> [INPUT DATA]

===

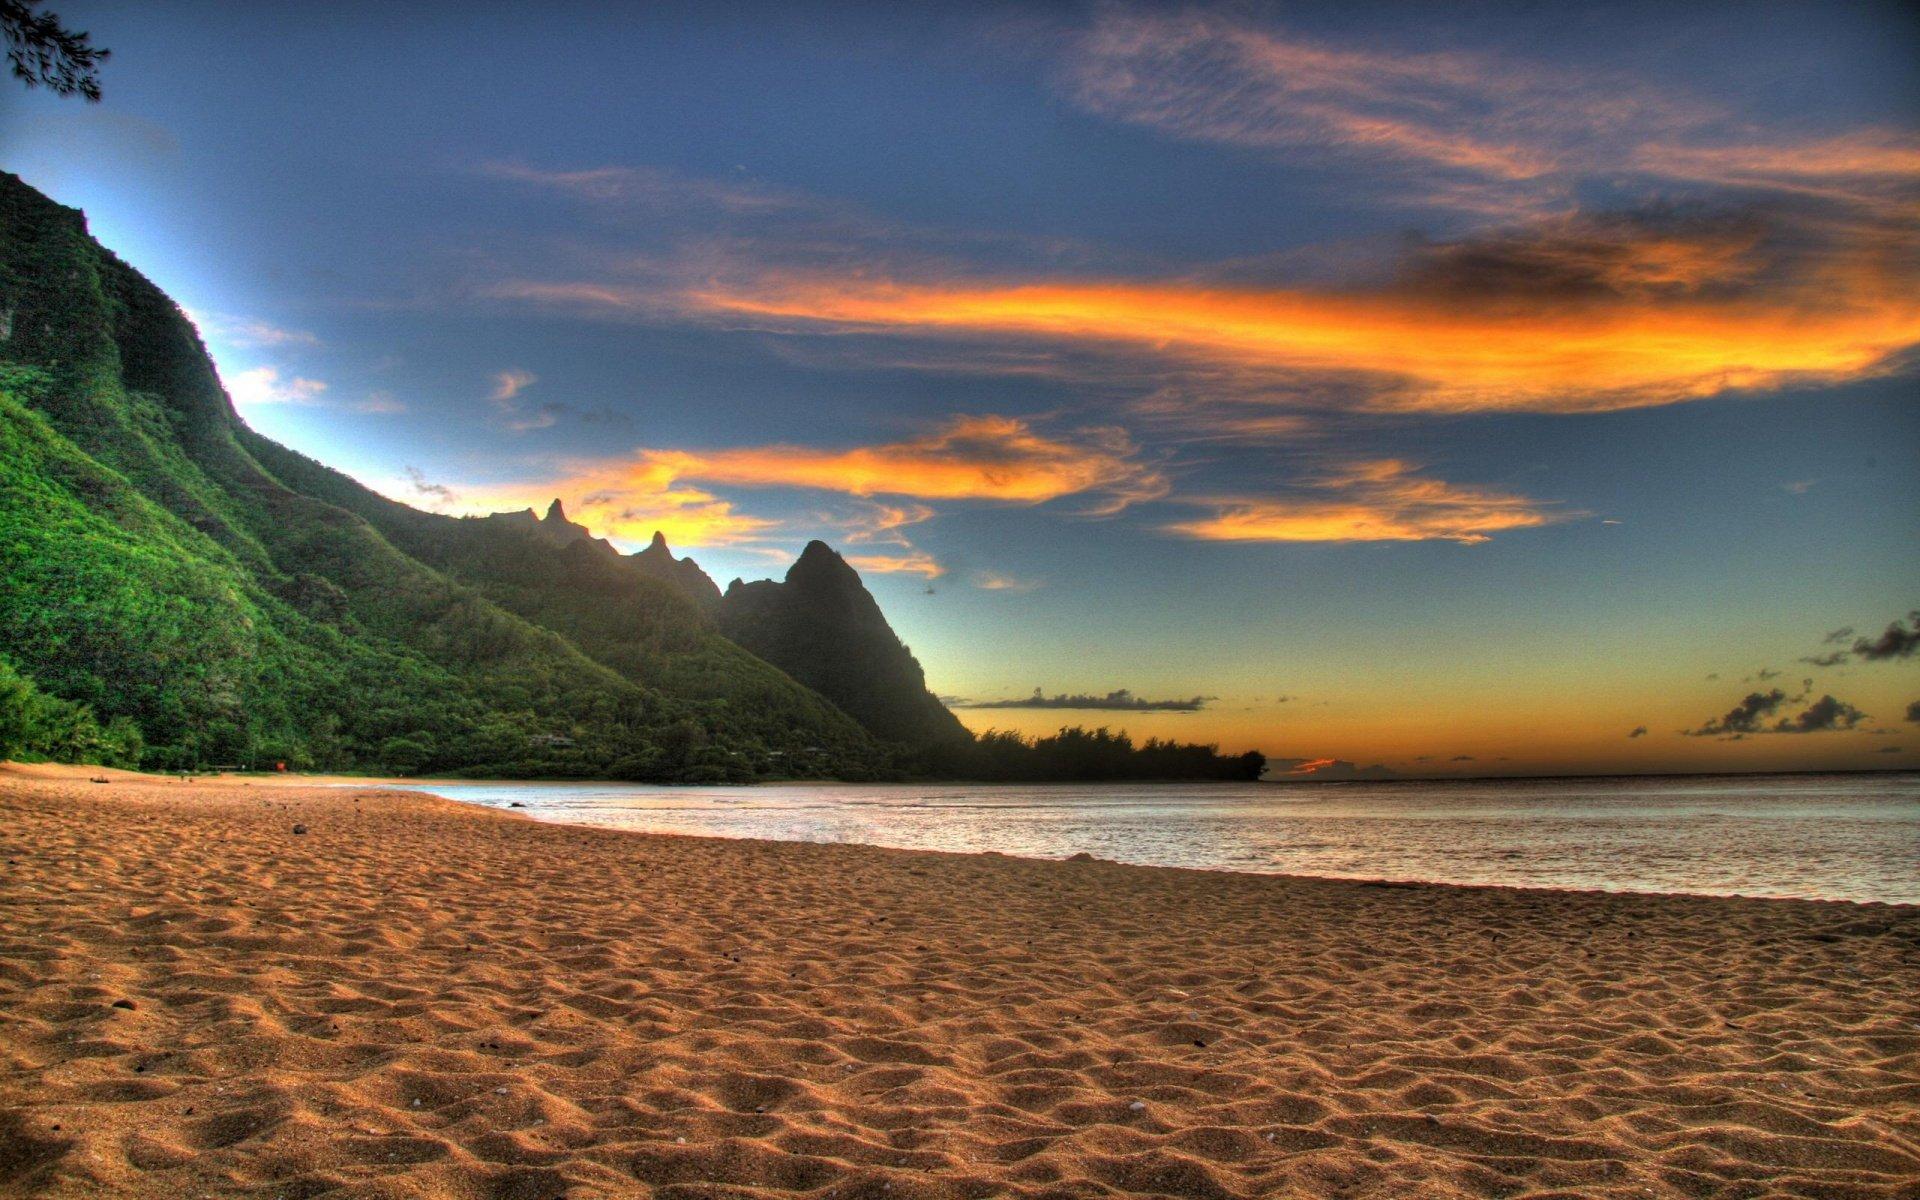 Hawaii Beach Sunset Wallpaper 1920x1200
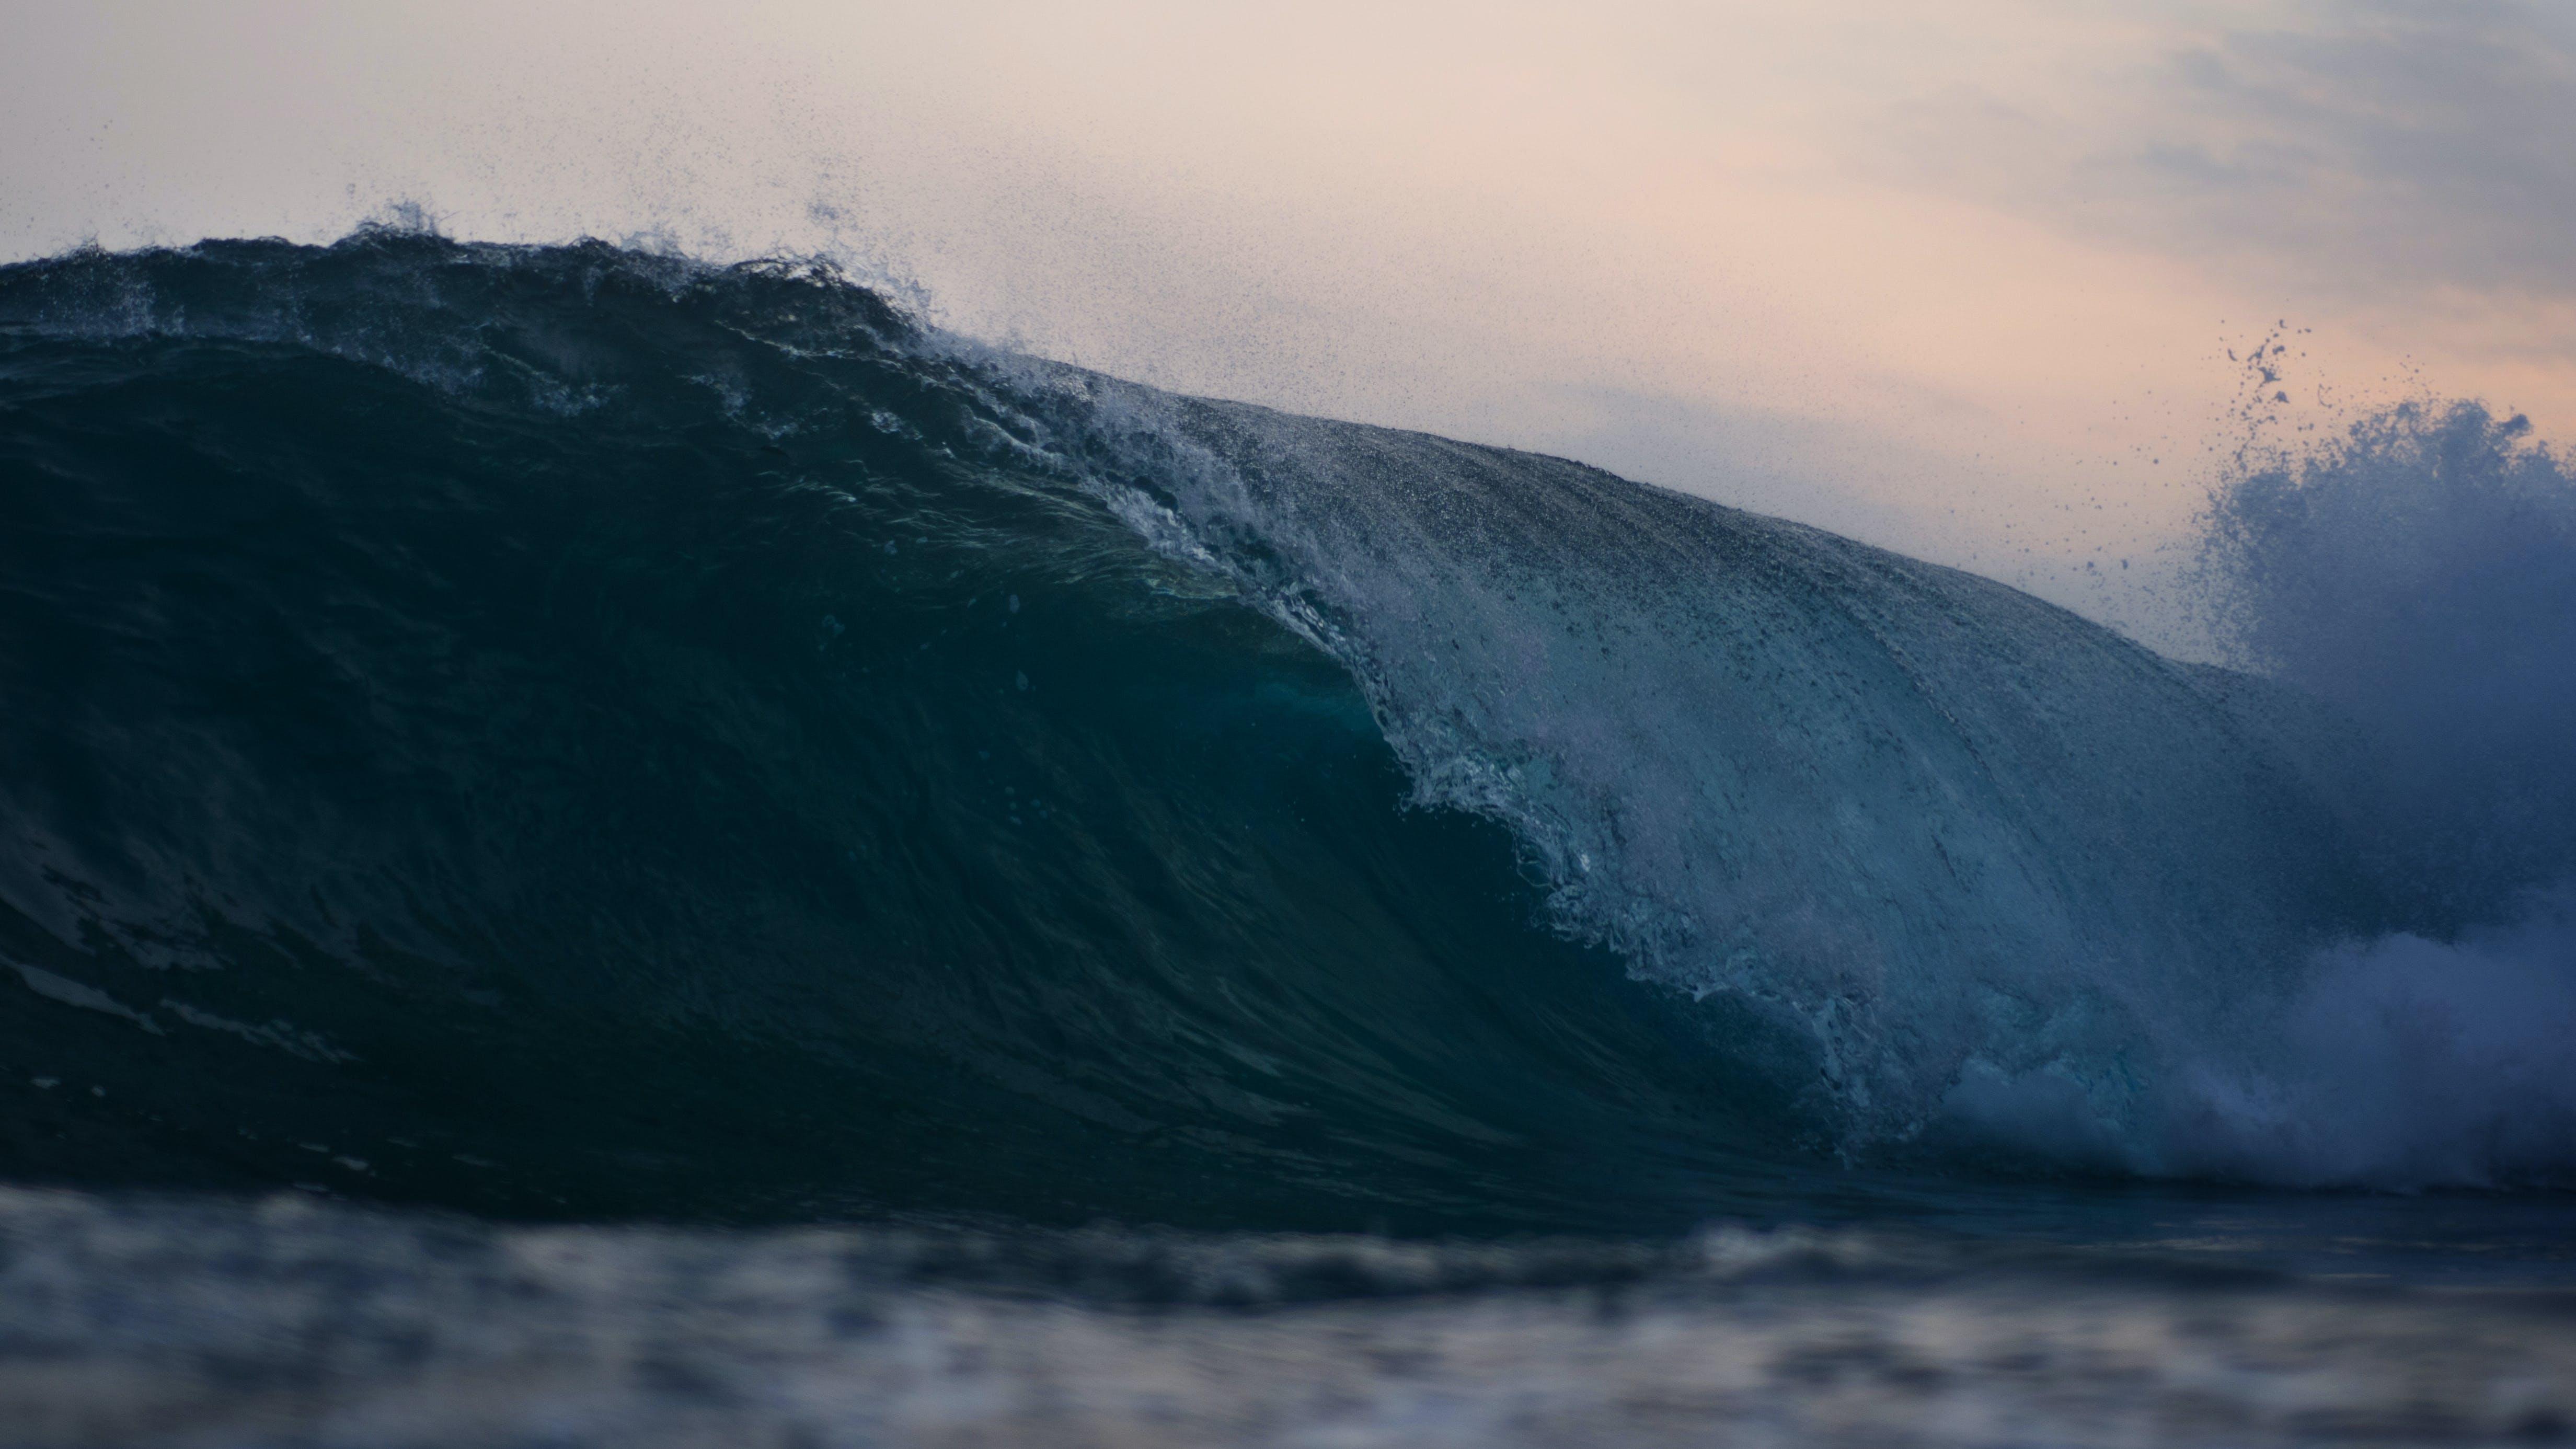 Fotos de stock gratuitas de amanecer, cuerpo de agua, dice adiós, hacer surf
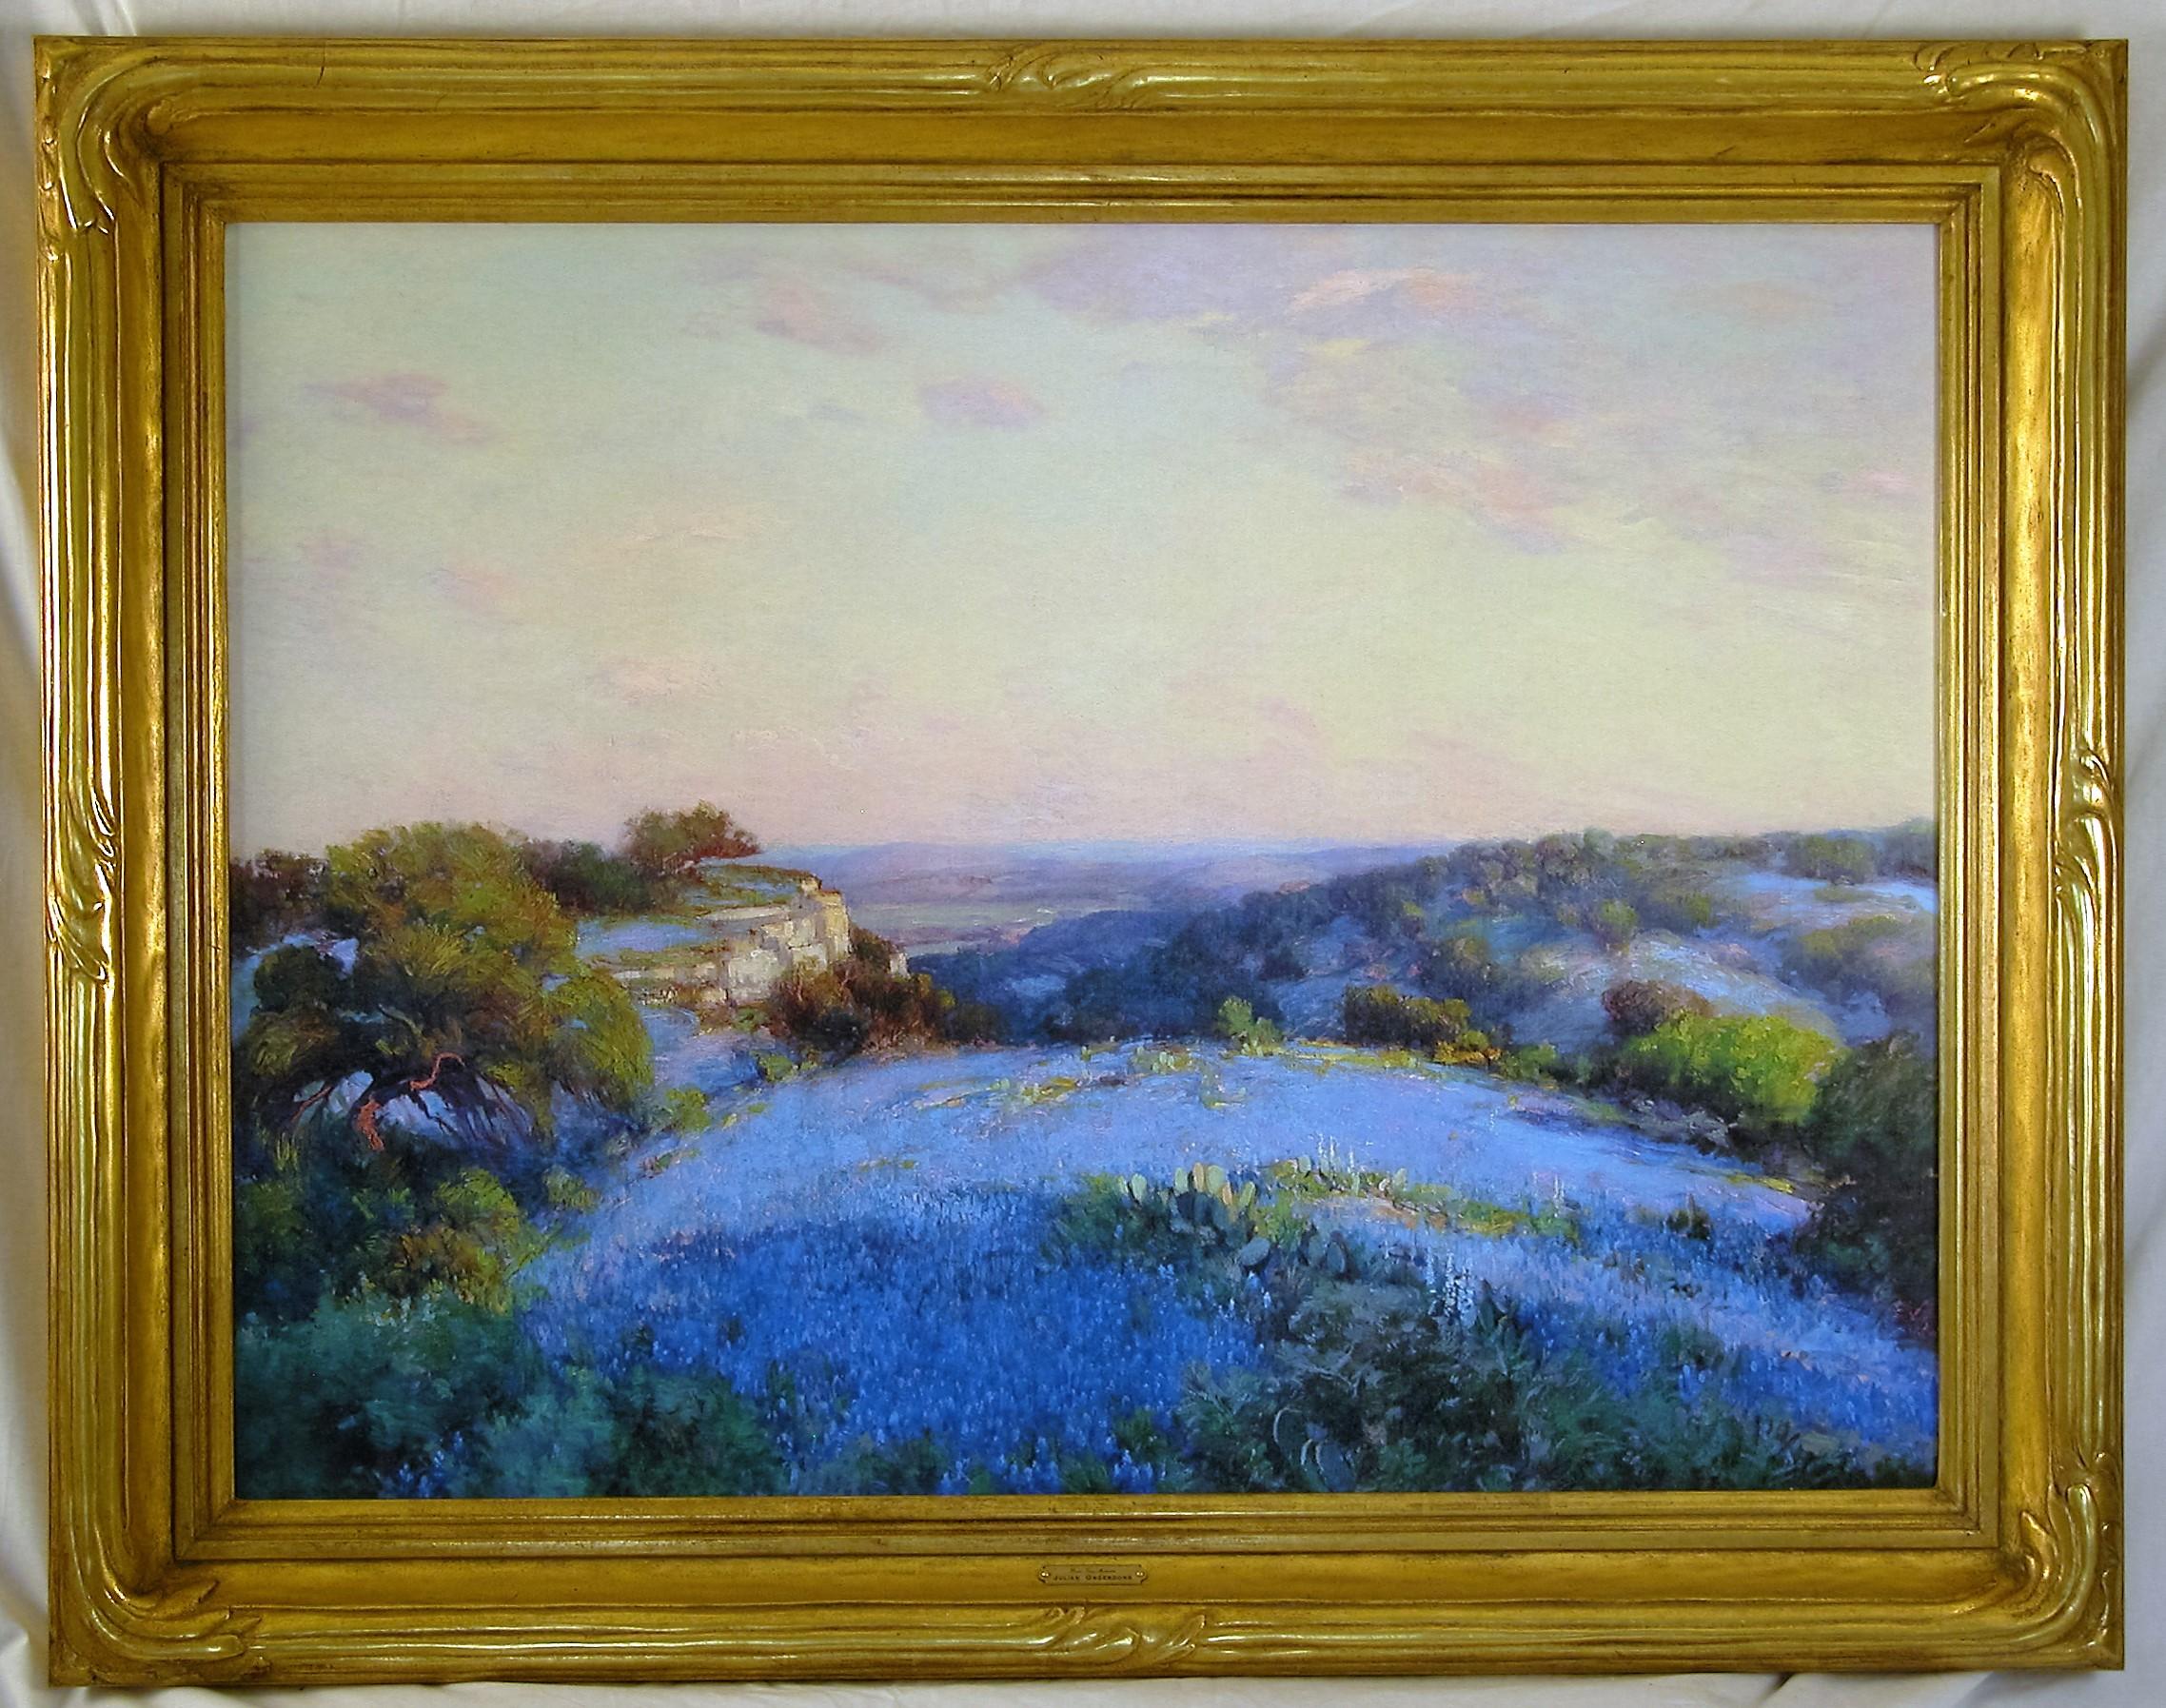 P.H. Miller frame on Blue Bells.

===

> [YOUR INSTRUCTIONS] Before you return the listing exactly, strip out its pictures.

> [PROBLEM SOLUTION]
 Hawaii Beach Sunset Wallpaper 1920x1200
 Fotos de stock gratuitas de amanecer, cuerpo de agua, dice adiós, hacer surf
 P.H. Miller frame on Blue Bells.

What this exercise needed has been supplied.